In a paper presented at the VLSI Symposia this June, Inference of Long-Short Term Memory networks at software-equivalent accuracy using 2.5M analog Phase Change Memory devices, Almaden “deals with how to copy the weights into the neural network and maintain inference accuracy,” Haensch said.
The paper details how to use an algorithm that allowed researchers “to copy the weights accurately enough, so that we can maintain the classification accuracy, as expected from the floating point training,” Haensch said.
“So this is a very, very important point. Our philosophy is that we will first focus on inference applications, because they're a little bit easier to handle from a material perspective. But if we want to be successful with this, we have to find a way to bring the trained model into the analog array. And this is a significant step to show how this can be done.”
For inference PCM devices, IBM have “convinced themselves that this approach is feasible and that there is no fundamental roadblock in the way,” Haensch said. “For commercial use, inference is probably about five or six years away.”
Can analog devices do training?
After that comes training, with Haensch admitting that “the training part is a little bit out.

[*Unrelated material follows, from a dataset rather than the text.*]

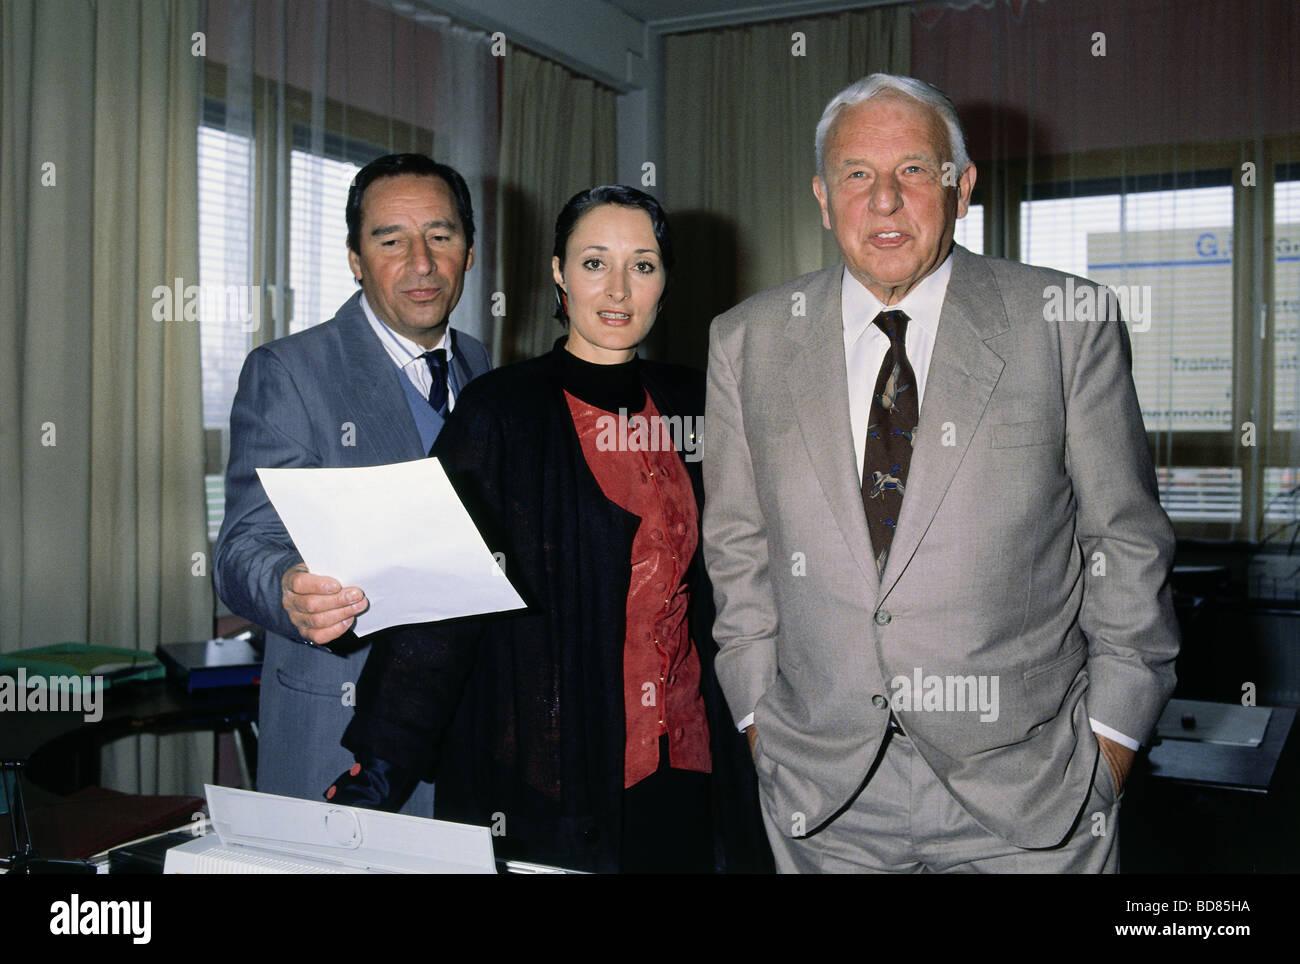 Tv Serie Buro Buro Deu 1982 1993 2 Saison 1989 Szene Mit

You really have to re-engineer these non-volatile memory elements so that they have certain switching behavior.”
Over in the Zurich labs, researchers got to work on trying to overcome the inherent challenges with PCM devices for deep learning training.
“In deep learning training, there are basically three phases,” Zurich’s Eleftheriou told DCD. “There is a forward pass, that is similar to inferencing, in which you don't stress precision,” where you calculate the values of the output layers from the input data with given fixed weights, moving forward from the first layer to the last layer.

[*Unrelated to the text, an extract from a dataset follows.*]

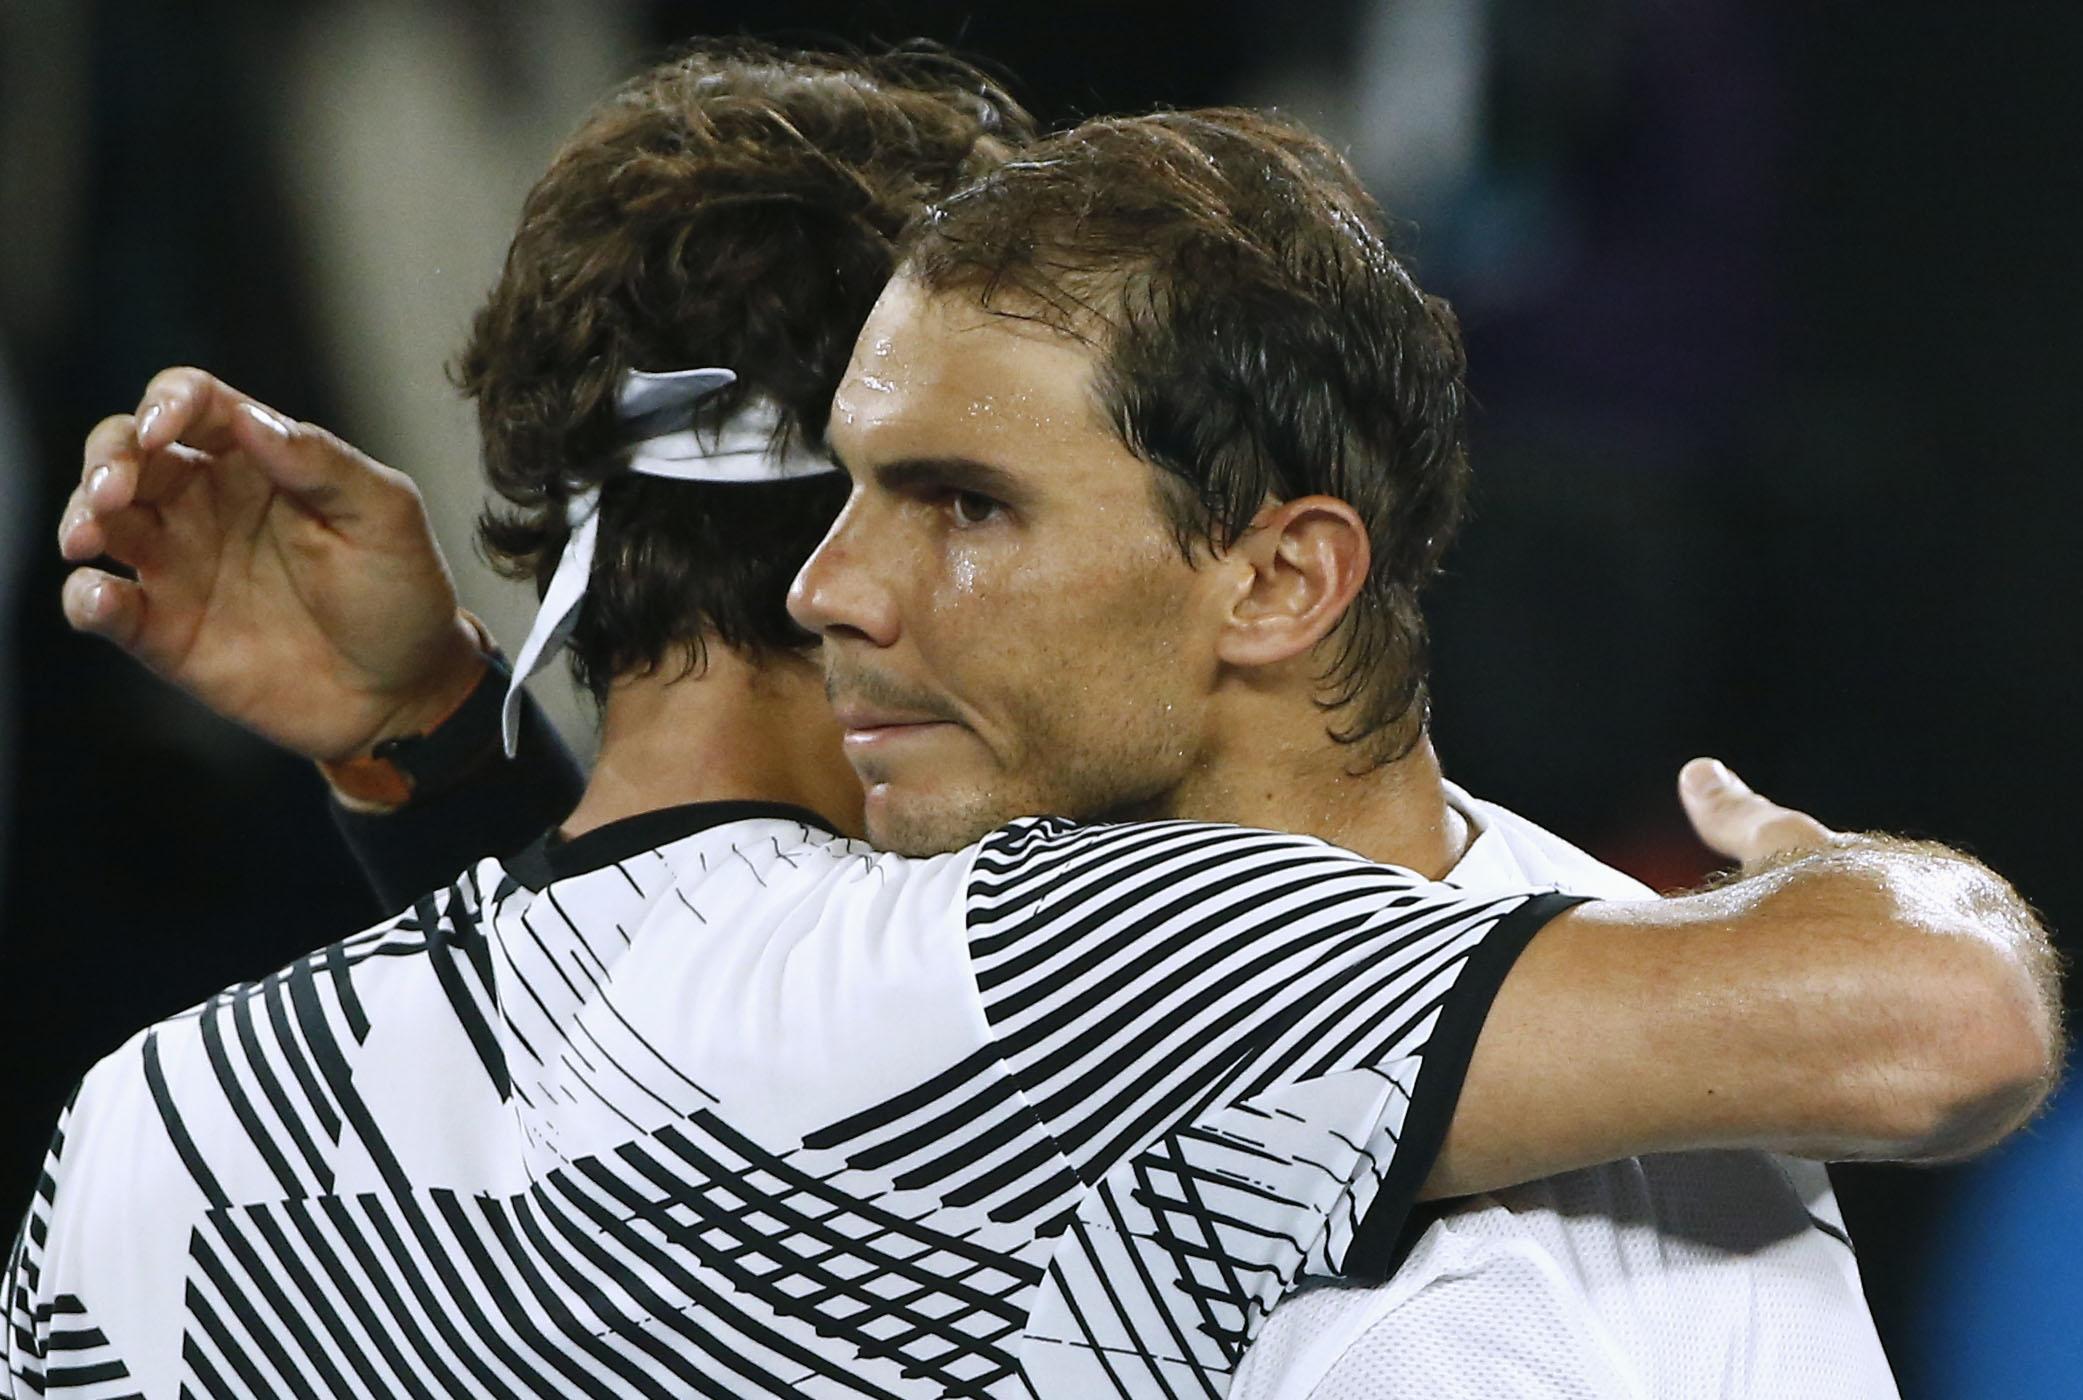 Tennis - Australian Open - Melbourne Park, Melbourne, Australia - 29/1/17 Switzerland's Roger Federer embraces after winning his Men's singles final match against Spain's Rafael Nadal. REUTERS/Thomas Peter

“Then there is a backward pass with errors, again you don't need high precision,” where computation is made from the last layer, backward to the first layer, again with fixed weights, he said.
The third part is where you “need to update the weights, thereby changing the connection strength between the input and output of each layer,” Eleftheriou said. It is this part that remains difficult, so the solution at Zurich is to run the first two phases of training - forward and backward passes - on the PCM. However, the weight updates are accumulated on a standard von Neumann processor before the updates are transferred rather sporadically to the PCM devices. “This is, in a nutshell, the whole idea."
Haensch said: “That's a very important stepping stone, because it allows us to create the ability to train without pushing the material properties too hard.”
Going beyond that stepping stone, as well as pushing towards commercialization, could have a profound impact on the future of deep learning, Haensch believes.
“If you look at the development of neural networks today, it is really driven by the properties of GPUs,” he said. “And GPUs require that you have narrow and deep networks for better learning - this is not necessarily the best solution. The analog arrays allow you to go back to shallow networks with wider layers, and this will open up the possibility to to re-architect deep learning for learning optimization, because you are not bound anymore by the memory limitations of the GPUs.”
Cindy Goldberg, program director of AI Hardware Research at IBM, concurred: “It’s about not just looking at the exact workloads of today, but how these AI workloads are evolving out of these very narrow applications into much more broad and evolving and dynamic AI workloads.
“This is what informs the development approach of these accelerators, it is not just about having the best widget of today that is out of date in six months, but about really anticipating how these workloads are evolving and changing for the long term.”